Book A Death on Diamond Mountain

Download or read book A Death on Diamond Mountain written by Scott Carney and published by Penguin. This book was released on 2015-03-17 with total page 307 pages. Available in PDF, EPUB and Kindle. Book excerpt: An investigative reporter explores an infamous case where an obsessive and unorthodox search for enlightenment went terribly wrong. When thirty-eight-year-old Ian Thorson died from dehydration and dysentery on a remote Arizona mountaintop in 2012, The New York Times reported the story under the headline: "Mysterious Buddhist Retreat in the Desert Ends in a Grisly Death." Scott Carney, a journalist and anthropologist who lived in India for six years, was struck by how Thorson’s death echoed other incidents that reflected the little-talked-about connection between intensive meditation and mental instability.

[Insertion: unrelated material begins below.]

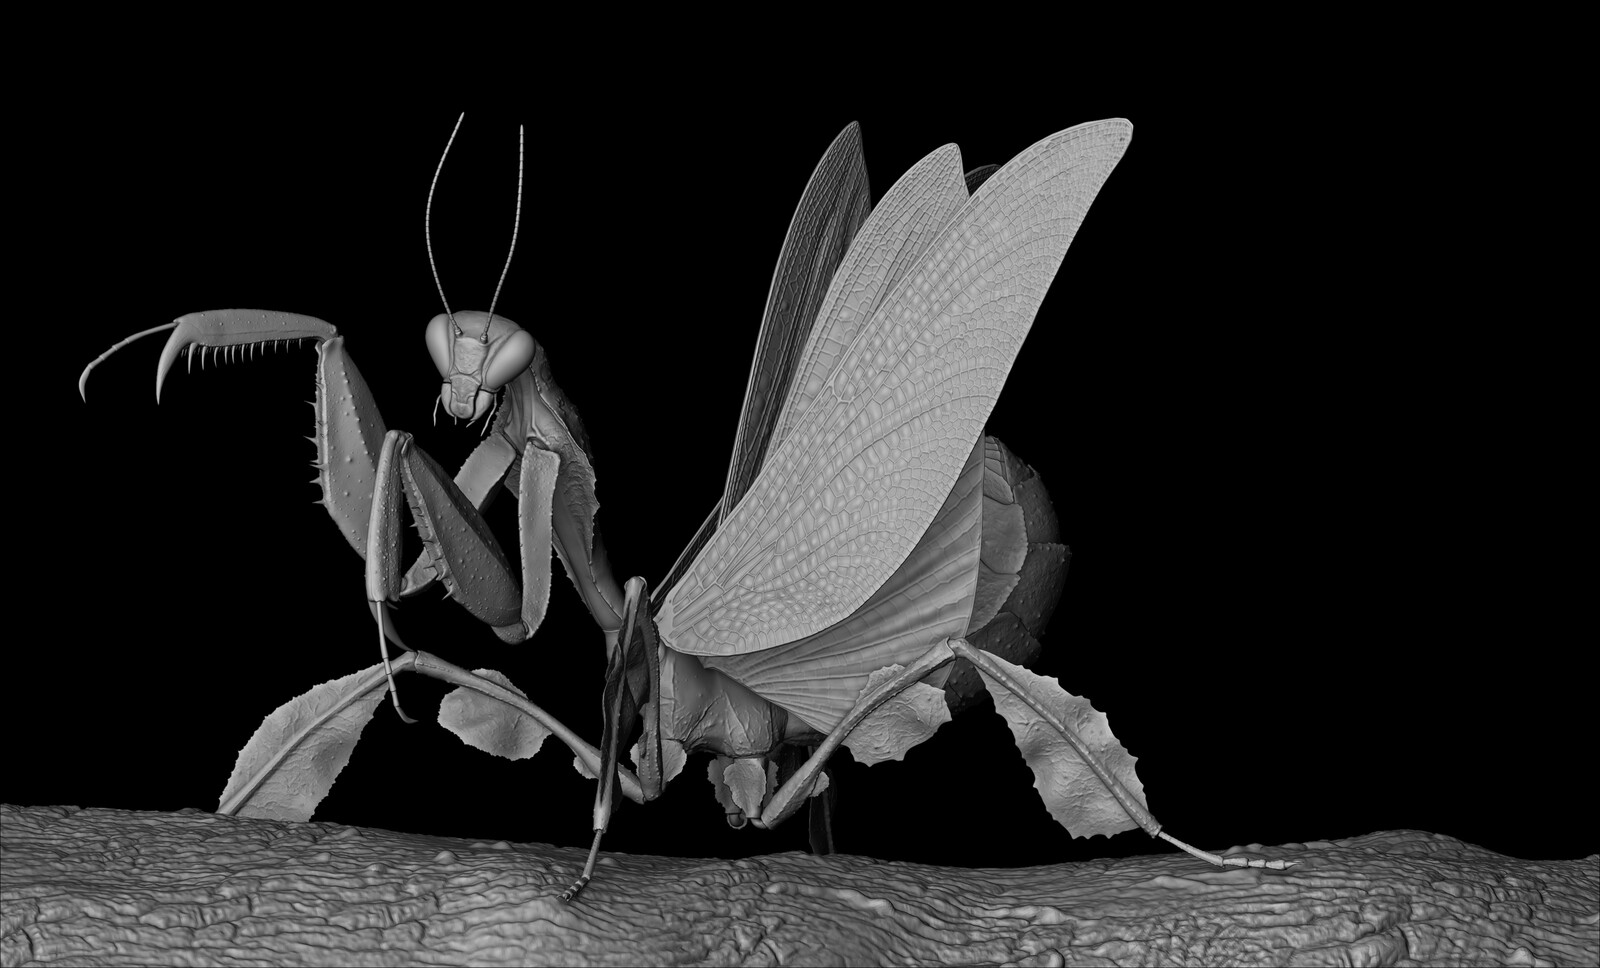 Mantis animations

Using these tragedies as a springboard, Carney explores how those who go to extremes to achieve divine revelations—and undertake it in illusory ways—can tangle with madness. He also delves into the unorthodox interpretation of Tibetan Buddhism that attracted Thorson and the bizarre teachings of its chief evangelists: Thorson’s wife, Lama Christie McNally, and her previous husband, Geshe Michael Roach, the supreme spiritual leader of Diamond Mountain University, where Thorson died. Carney unravels how the cultlike practices of McNally and Roach and the questionable circumstances surrounding Thorson’s death illuminate a uniquely American tendency to mix and match eastern religious traditions like LEGO pieces in a quest to reach an enlightened, perfected state, no matter the cost. Aided by Thorson’s private papers, along with cutting-edge neurological research that reveals the profound impact of intensive meditation on the brain and stories of miracles and black magic, sexualized rituals, and tantric rites from former Diamond Mountain acolytes, A Death on Diamond Mountain is a gripping work of investigative journalism that reveals how the path to enlightenment can be riddled with danger.